Bill Clinton, Sexual Predator

 He had a history of abusing women stretching back to his Arkansas days. He grabbed Kathleen Willey by the breasts and crotch and forced her hand onto his genitals. He summoned Paula Jones to his hotel room, dropped his pants, and demanded that she kiss his penis. This is the man Gloria Steinem claimed was just making clumsy "passes" at women.

In 1995 he turned policy matters over to former Jesse Helms adviser Dick Morris, assigning him additional duty as the presidential pimp. After that, the horny and hypocritical duo passed many pleasant days indulging their lust at public expense while refining torture of the poor. "The Monster," Morris called Clinton while consorting with his prostitute. "The creep," she said of Morris, escaping for a sterilizing bath.

In the banana republic of 1990s Washington, bodyguards delivered women to Bill Clinton, who claimed the Oval Office as his "private" sanctuary at the same time as he auctioned off the Lincoln Bedroom as a six-figure overnight flophouse for fat cat donors.
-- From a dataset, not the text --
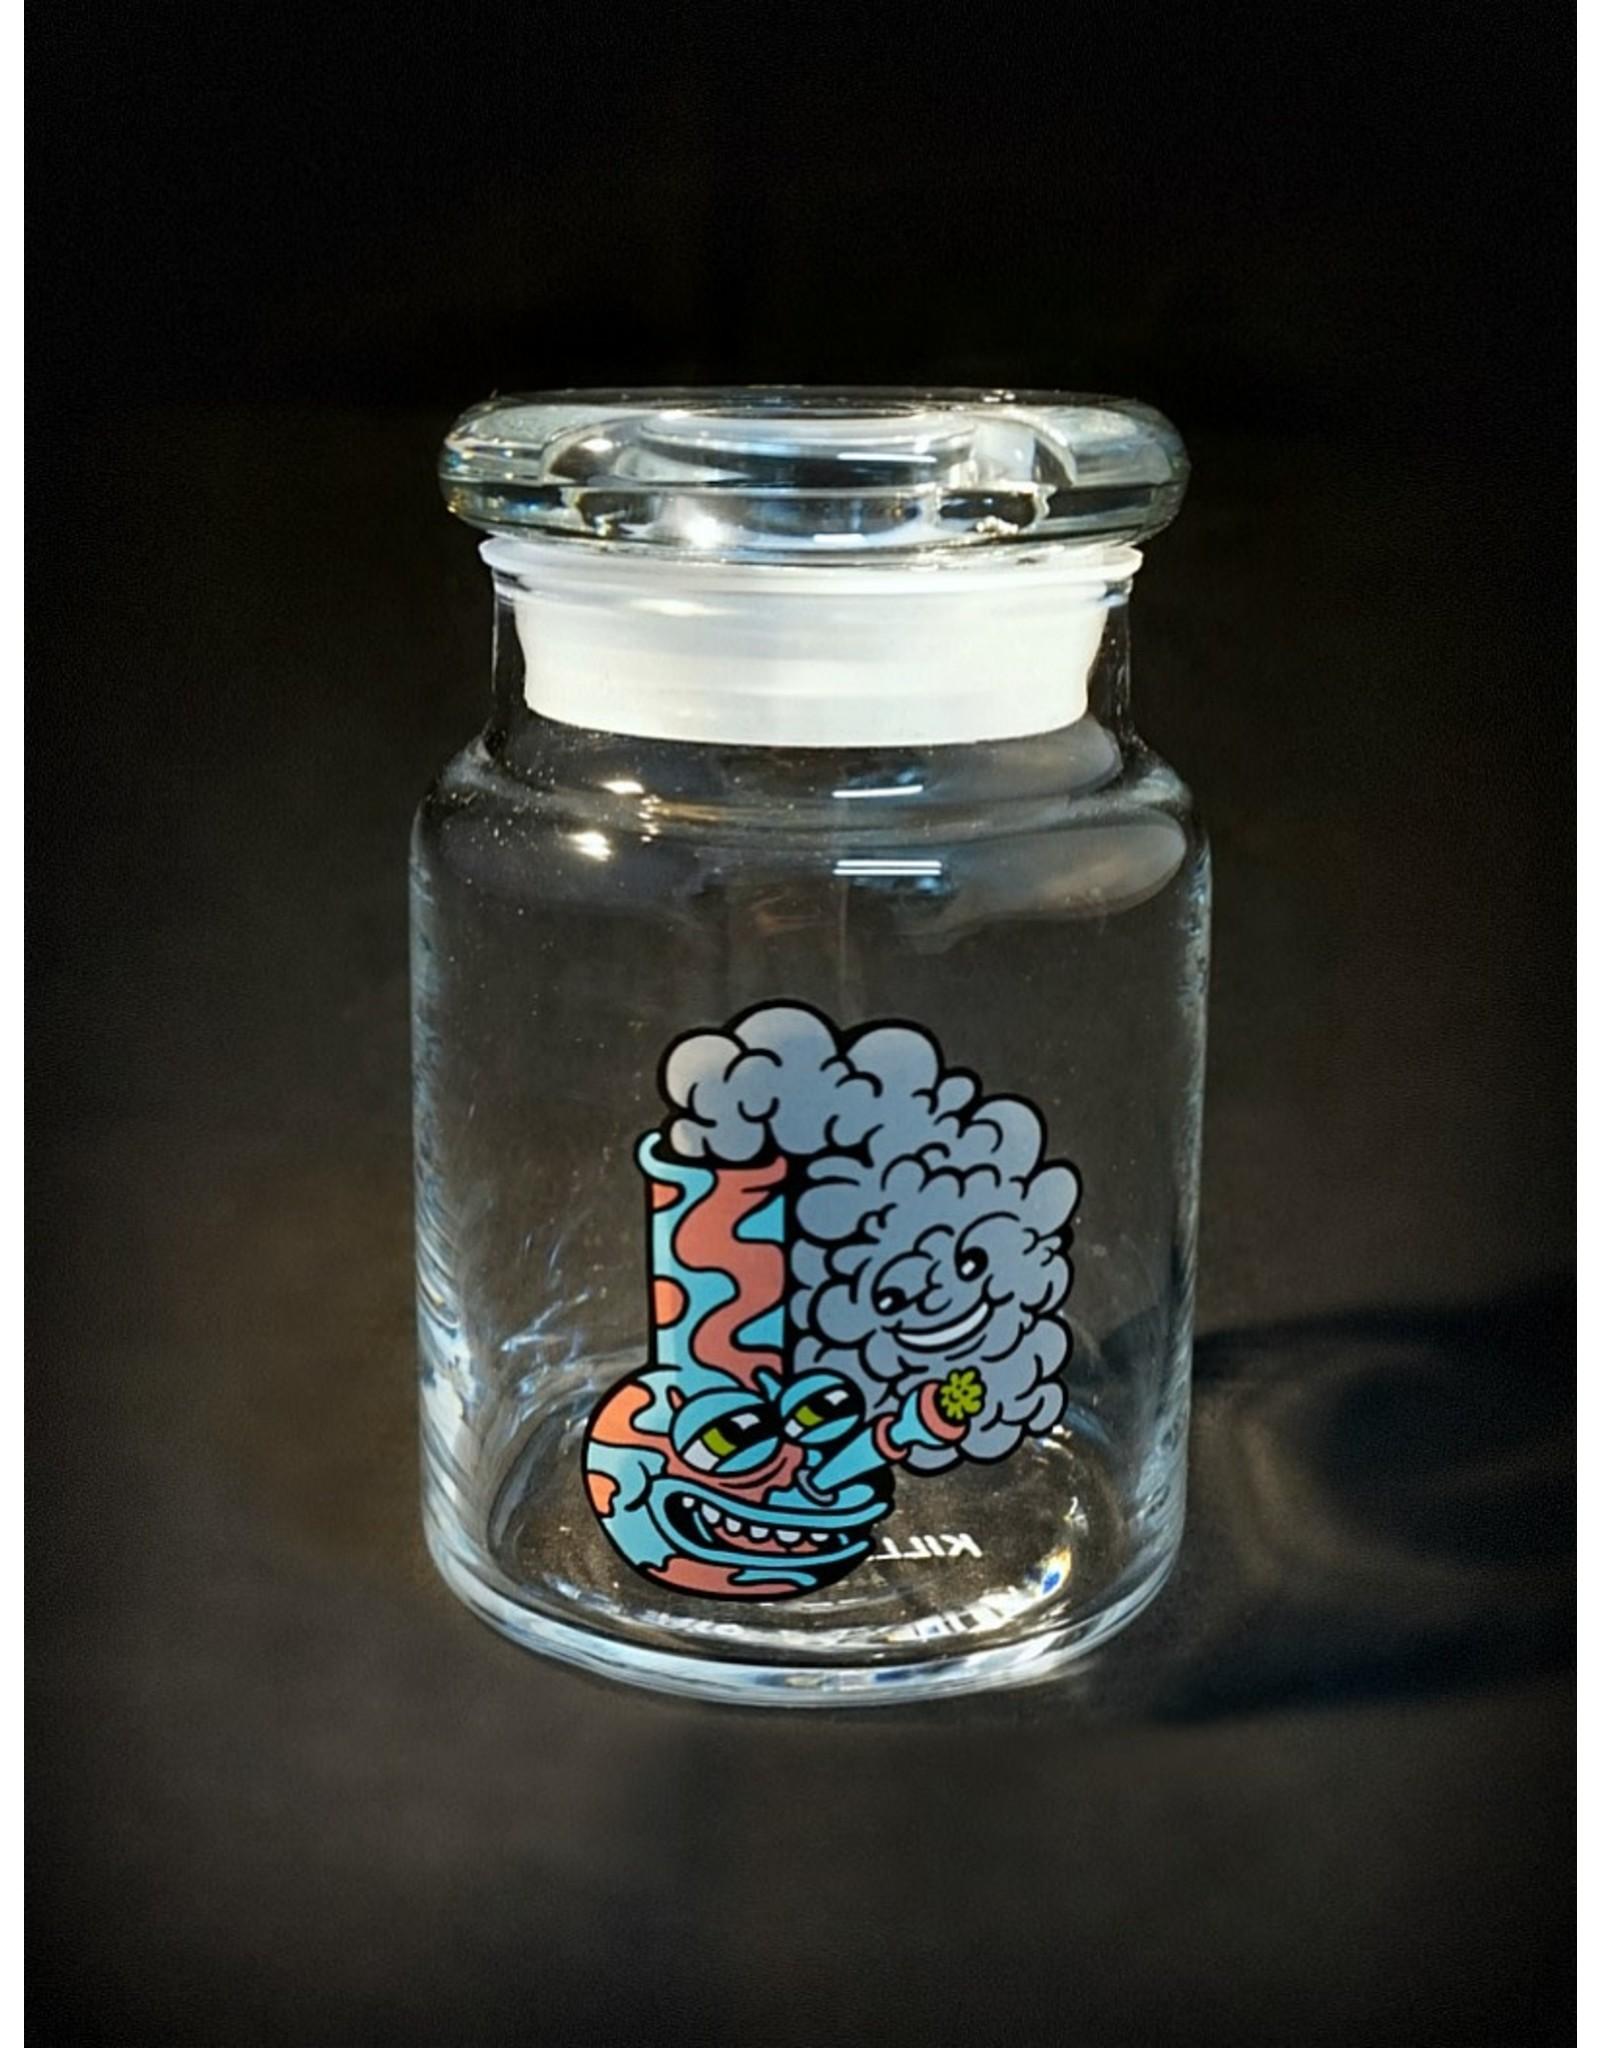 420 Science 420 Science Jars Small Happy Bong Pop Top
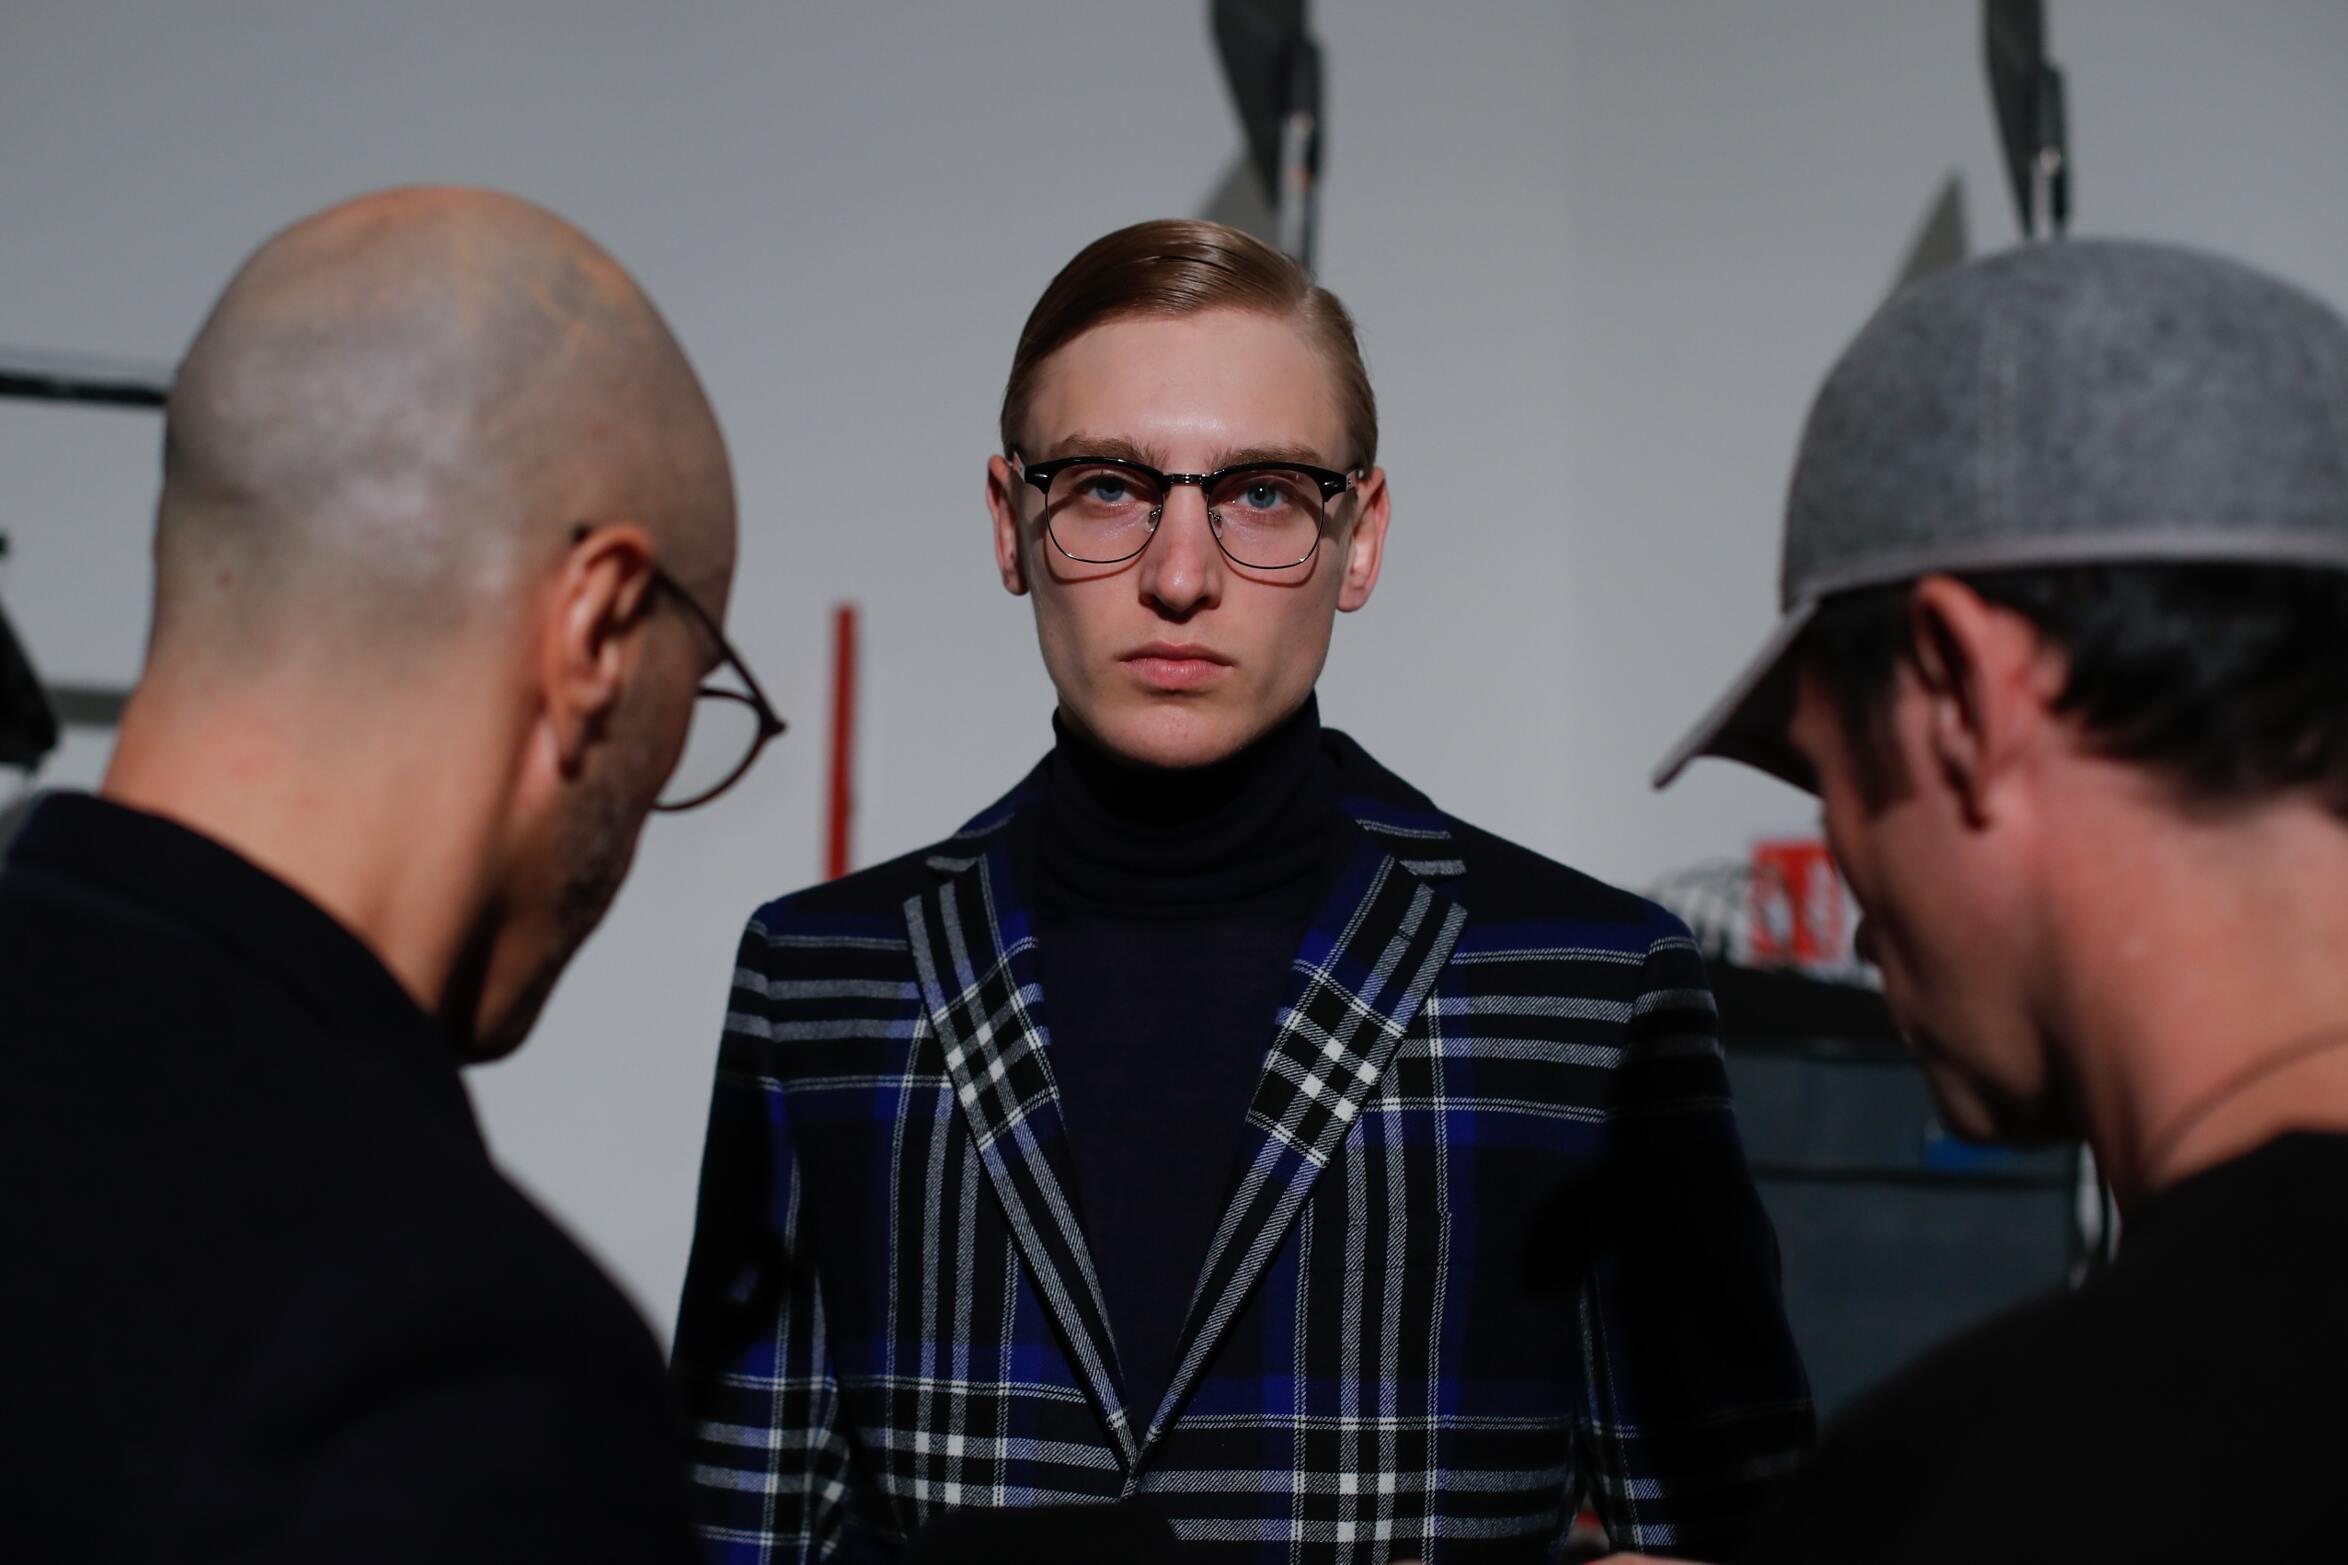 Daks Backstage Man Model

While speaking to teens of the importance of chastity and personal responsibility, he bullied his sexual victims into silence, employing semi-official detectives to dig up blackmail data to be used in extracting false testimony absolving him of responsibility for his predations. Kathleeen Willey found her car tires punctured and a stranger inquiring after her children by name. "Don't you get the message?" the man asked.

Cabinet members and other subordinates were pressed into service to deliver plausible deniability and exculpatory lies. Lawyers famous for devising loopholes for rich thugs made sure the chronic deceit was all "legally accurate."

When all else failed, Clinton eagerly slandered women who tried to get the truth out. He dismissed Gennifer Flowers as a lying gold digger. He insinuated that Paula Jones was a common slut who might secretly have enjoyed a sleazy encounter with him. He discarded Kathleeen Willey's accusation on the basis that, "It's ludicrous to think I would come on to a small-breasted woman." He portrayed Monica Lewinsky as a stalker, and would no doubt have smeared her far dirtier had she not retained the presidential seal on her most famous dress.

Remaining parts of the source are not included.